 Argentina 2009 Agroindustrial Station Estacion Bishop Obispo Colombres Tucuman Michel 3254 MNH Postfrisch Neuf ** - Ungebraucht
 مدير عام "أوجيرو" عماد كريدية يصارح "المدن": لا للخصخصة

---

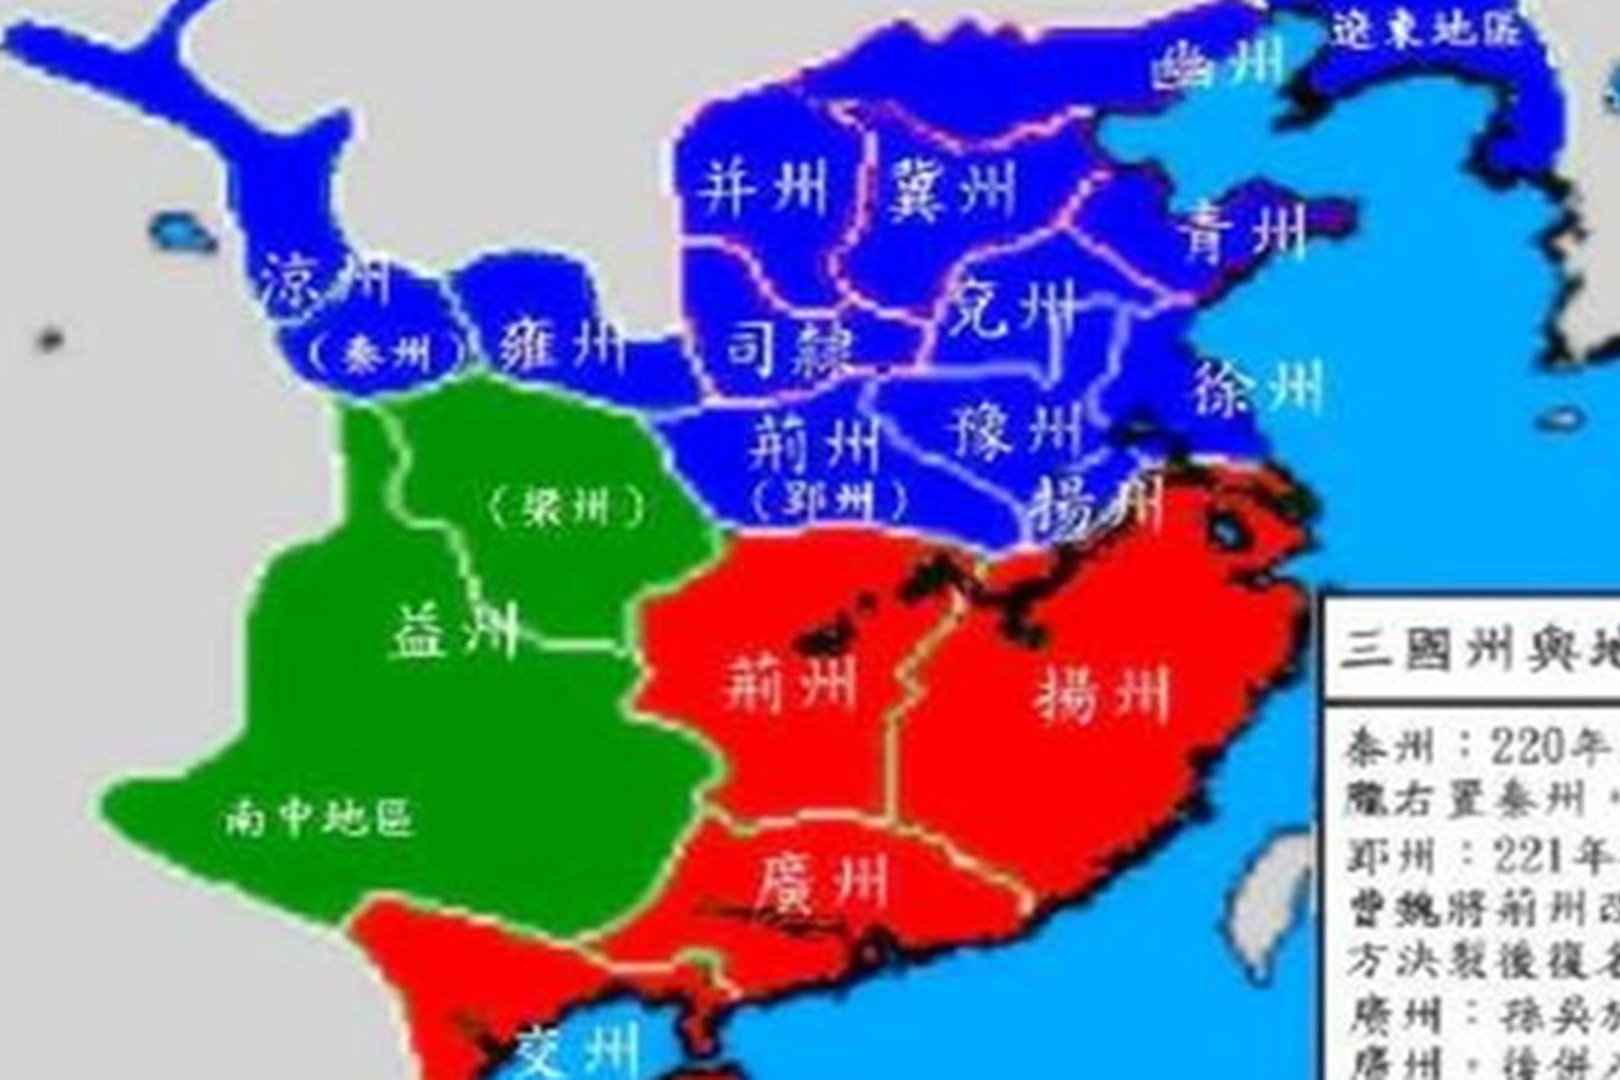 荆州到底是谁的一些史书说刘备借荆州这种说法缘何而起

* DIRECTIONS
Return, unchanged, the run of lines above that opens with the line containing "Argentina 2009 Agroindustrial" and closes with the line containing "عماد كريدية يصارح". Include both.

* ANSWER TO THE PROBLEM
 Argentina 2009 Agroindustrial Station Estacion Bishop Obispo Colombres Tucuman Michel 3254 MNH Postfrisch Neuf ** - Ungebraucht
 مدير عام "أوجيرو" عماد كريدية يصارح "المدن": لا للخصخصة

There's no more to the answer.